Start of Block

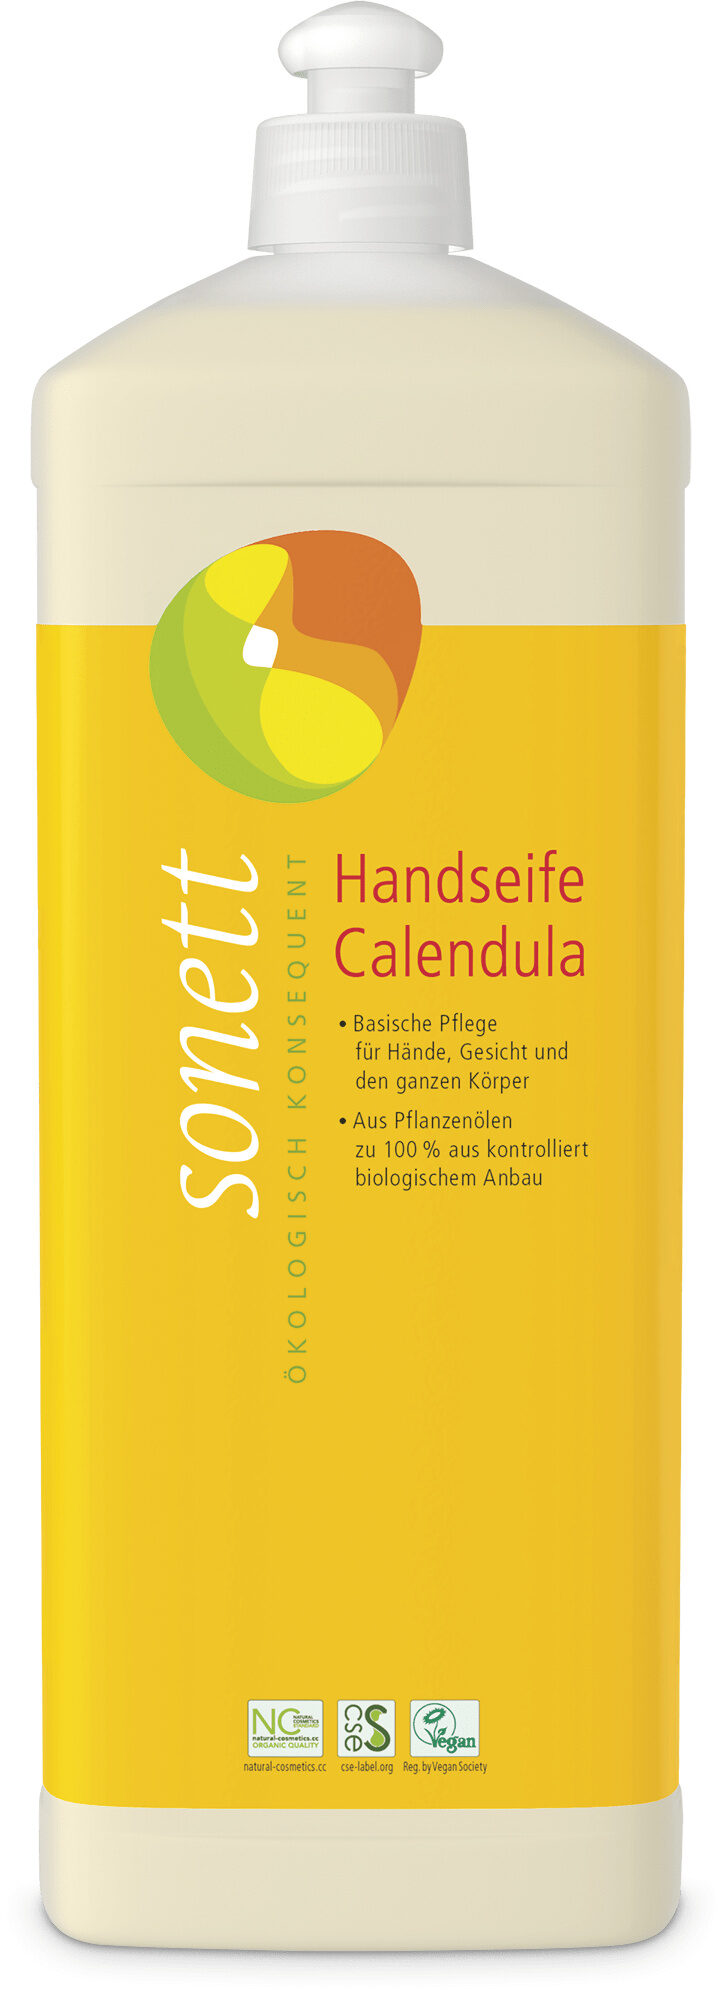 Handseife Calendula - Produkt - de
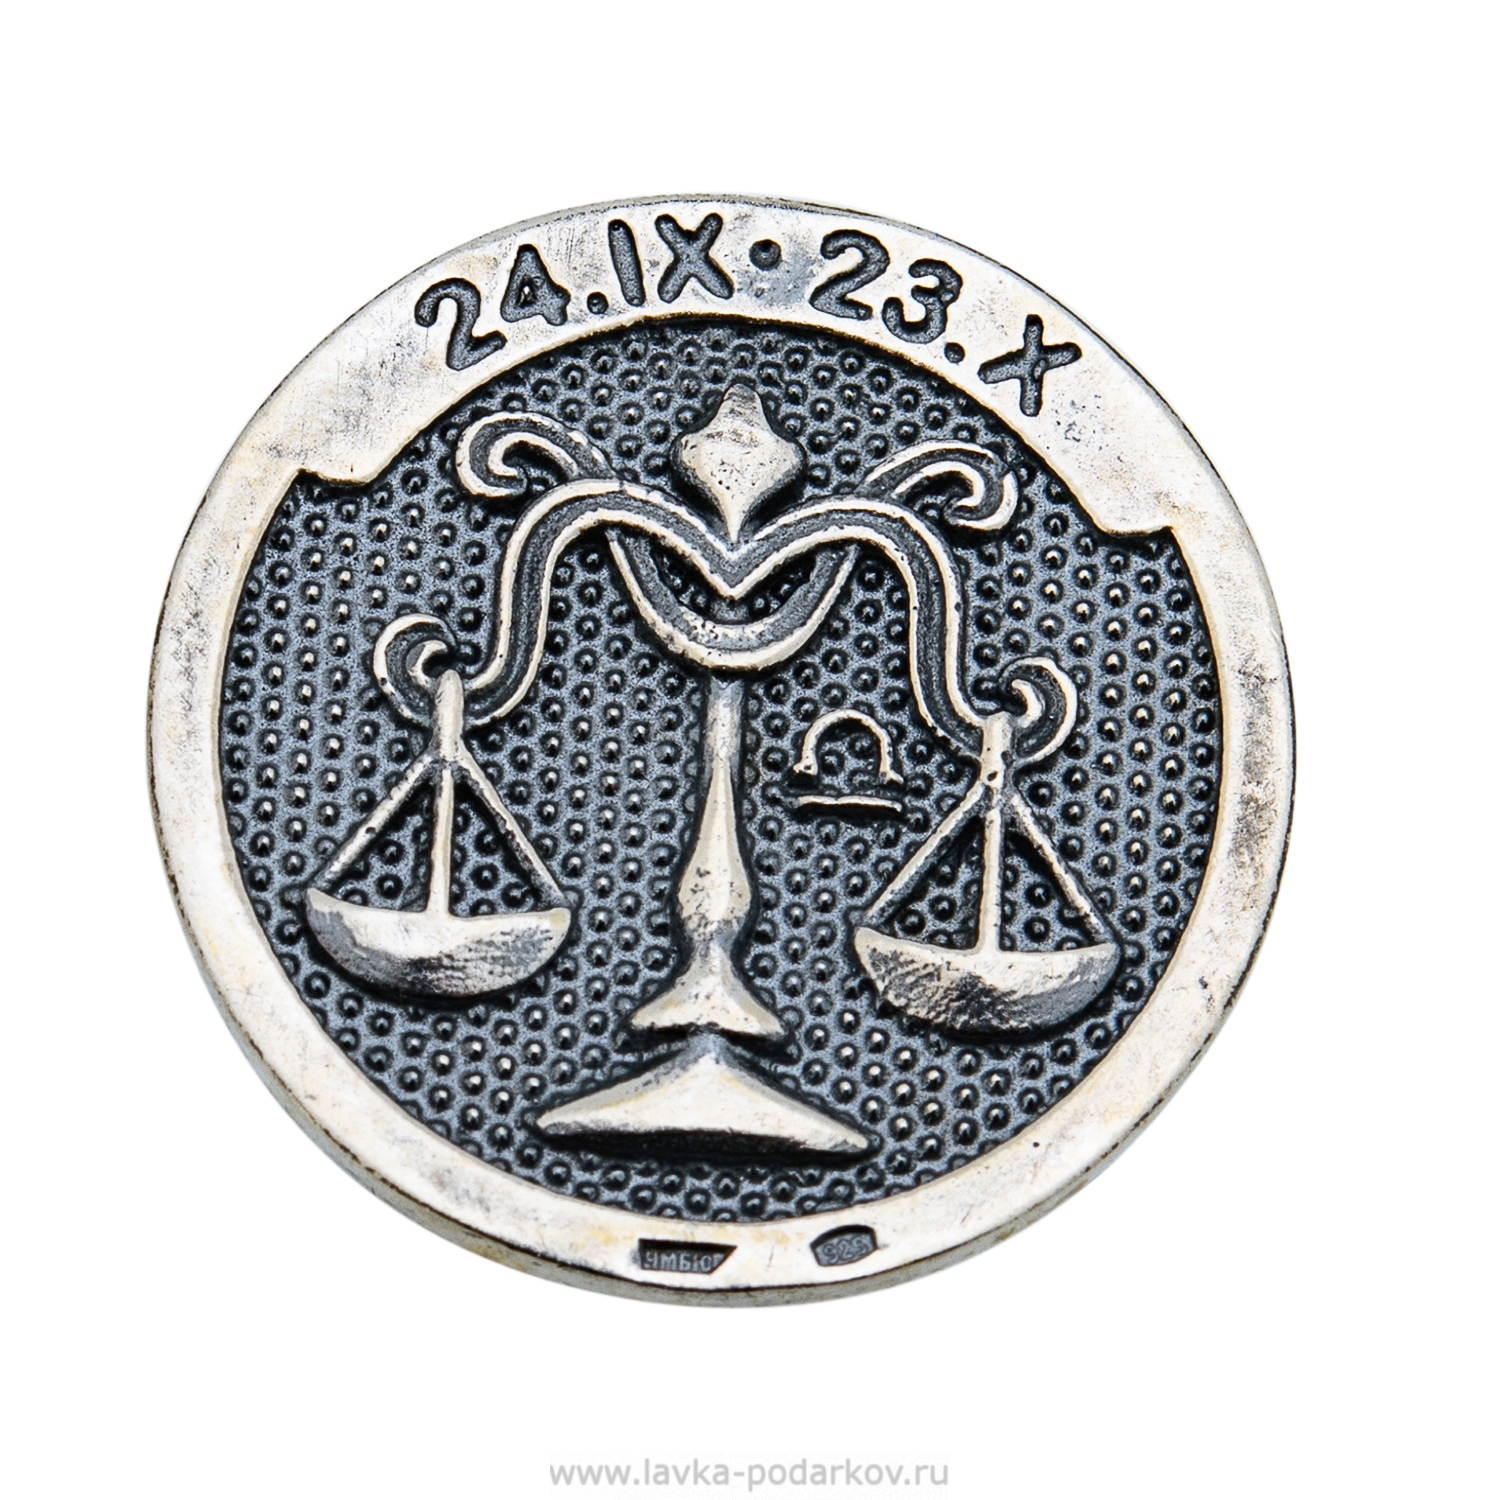 Звонкая монета. Сувенирные монеты со знаками зодиака. Сувениры с символом Газпрома. Сувенир символ школы. Серебряная монета знаки зодиака прямоугольная.
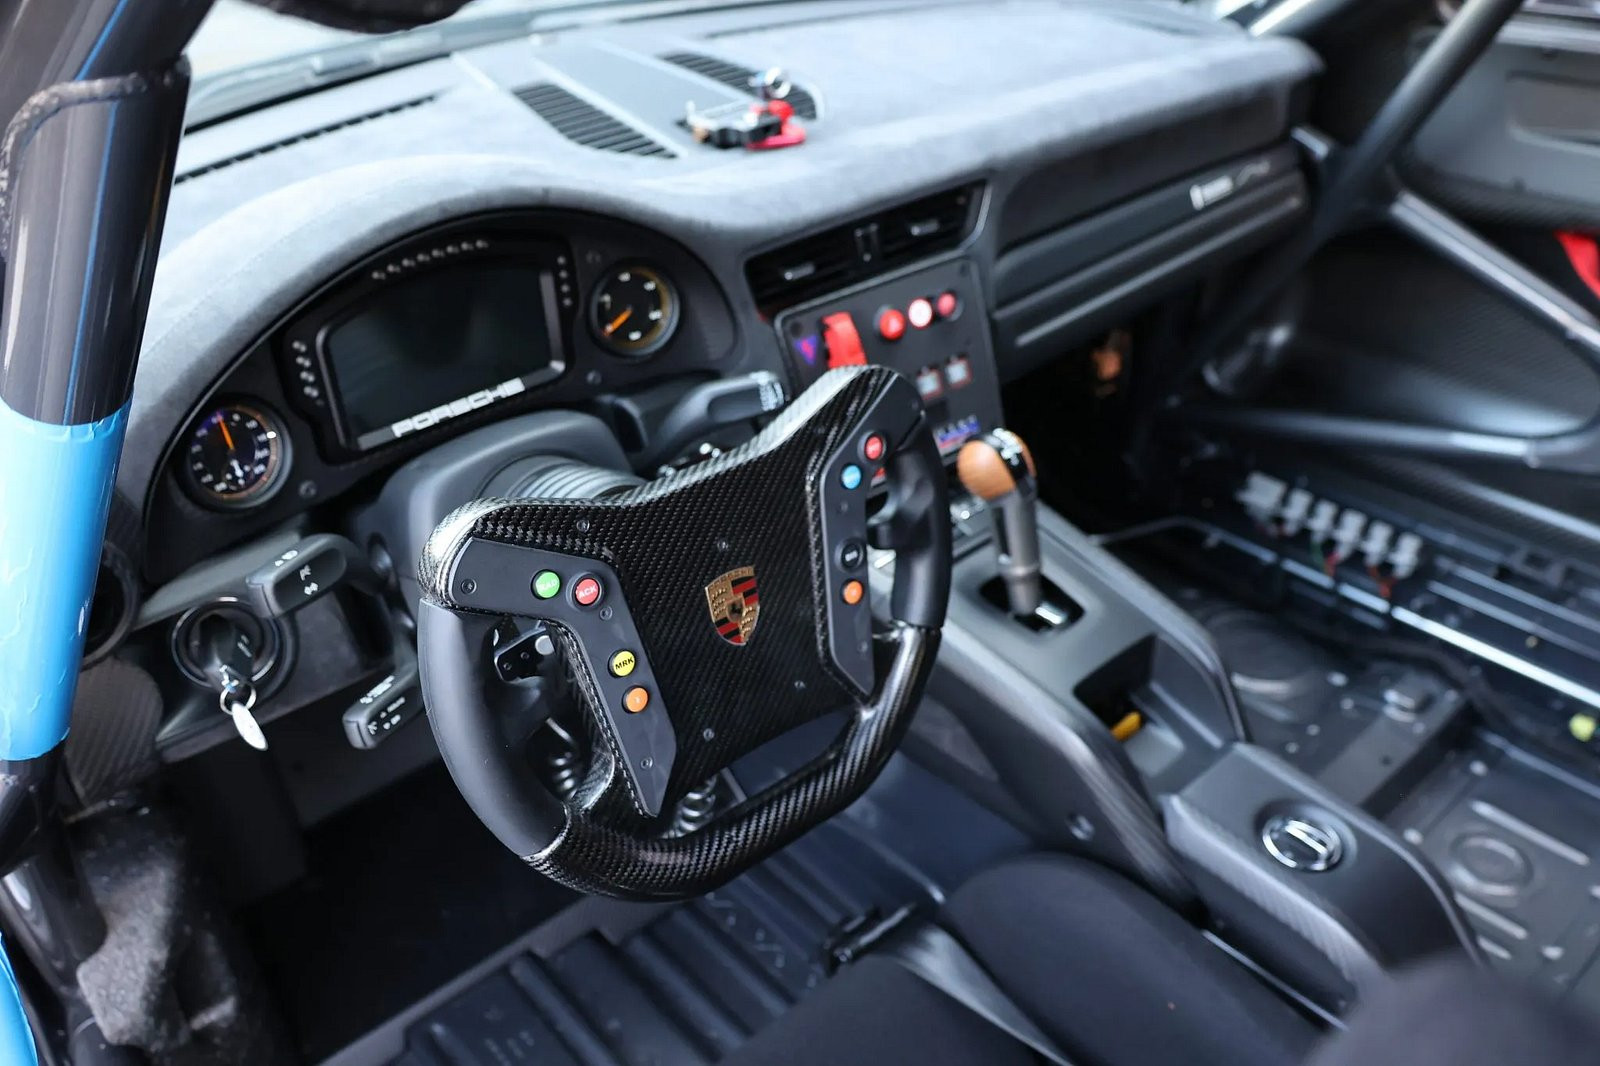 Siêu xe Porsche 935 2019 cực hiếm lên sàn đấu giá, mức khởi điểm 1 triệu đô la
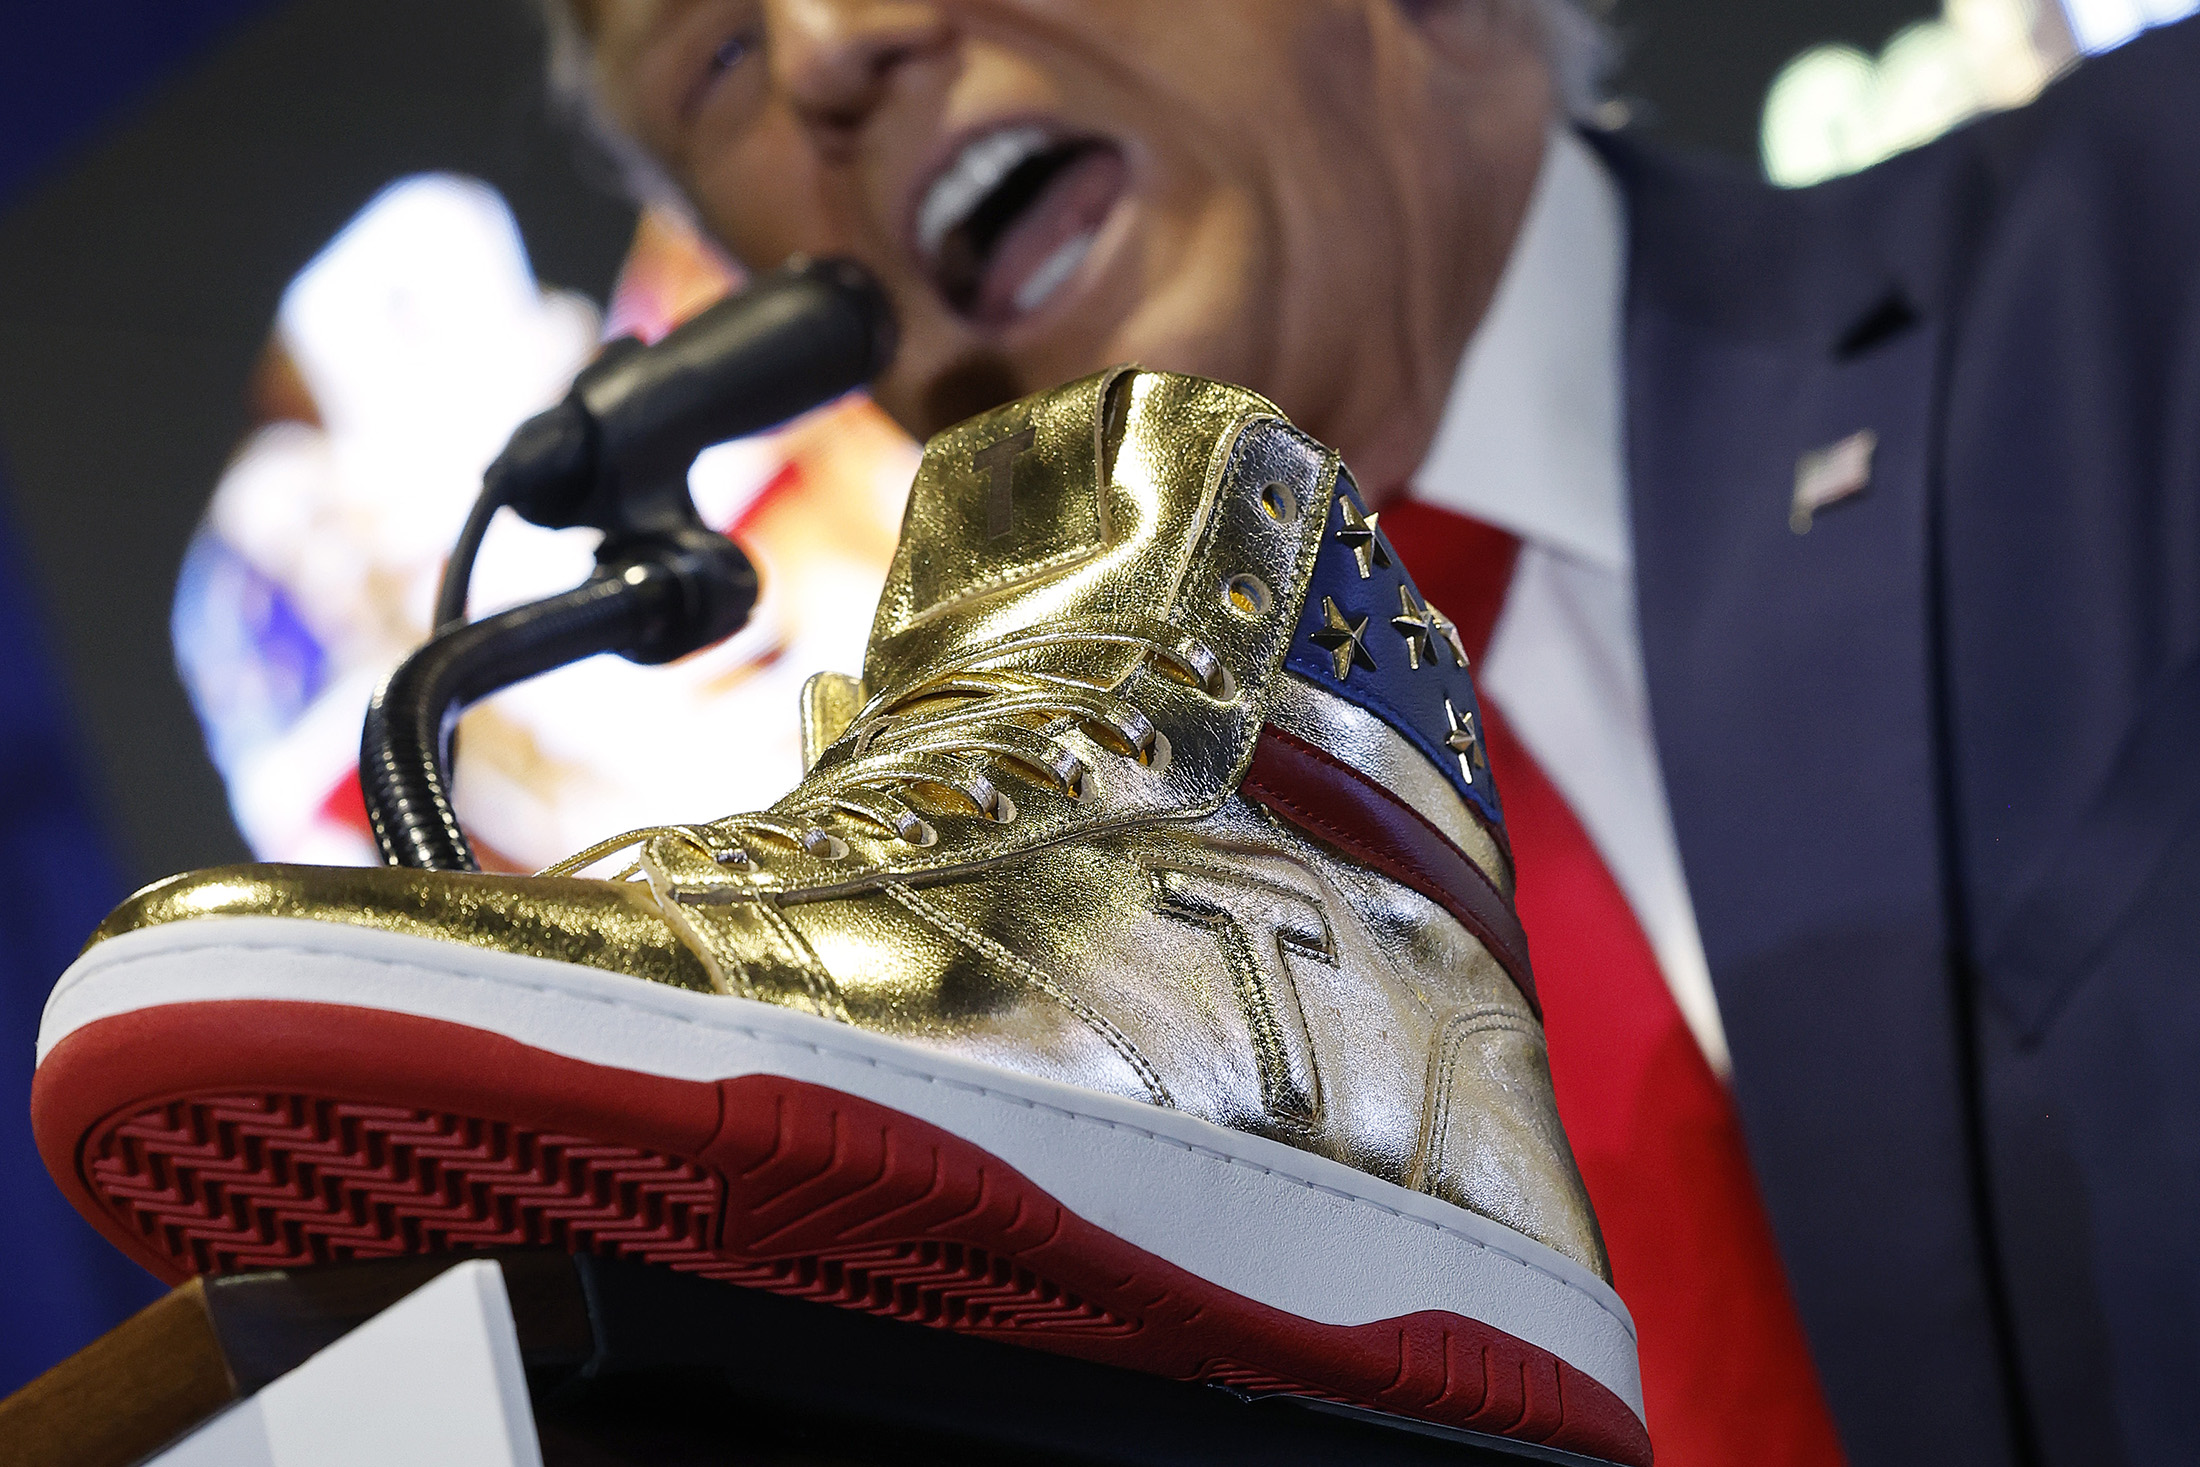 Trump Hawks Gold, Self-Branded $399 Sneaker as Legal Fees Mount - Bloomberg

End of Block

Instructions to follow >> The lines above must be transcribed exactly, with every picture left out.

Exercise solution >>
 Handseife Calendula - Produkt - de
 Звонкая монета. Сувенирные монеты со знаками зодиака. Сувениры с символом Газпрома. Сувенир символ школы. Серебряная монета знаки зодиака прямоугольная.
 Siêu xe Porsche 935 2019 cực hiếm lên sàn đấu giá, mức khởi điểm 1 triệu đô la
 Trump Hawks Gold, Self-Branded $399 Sneaker as Legal Fees Mount - Bloomberg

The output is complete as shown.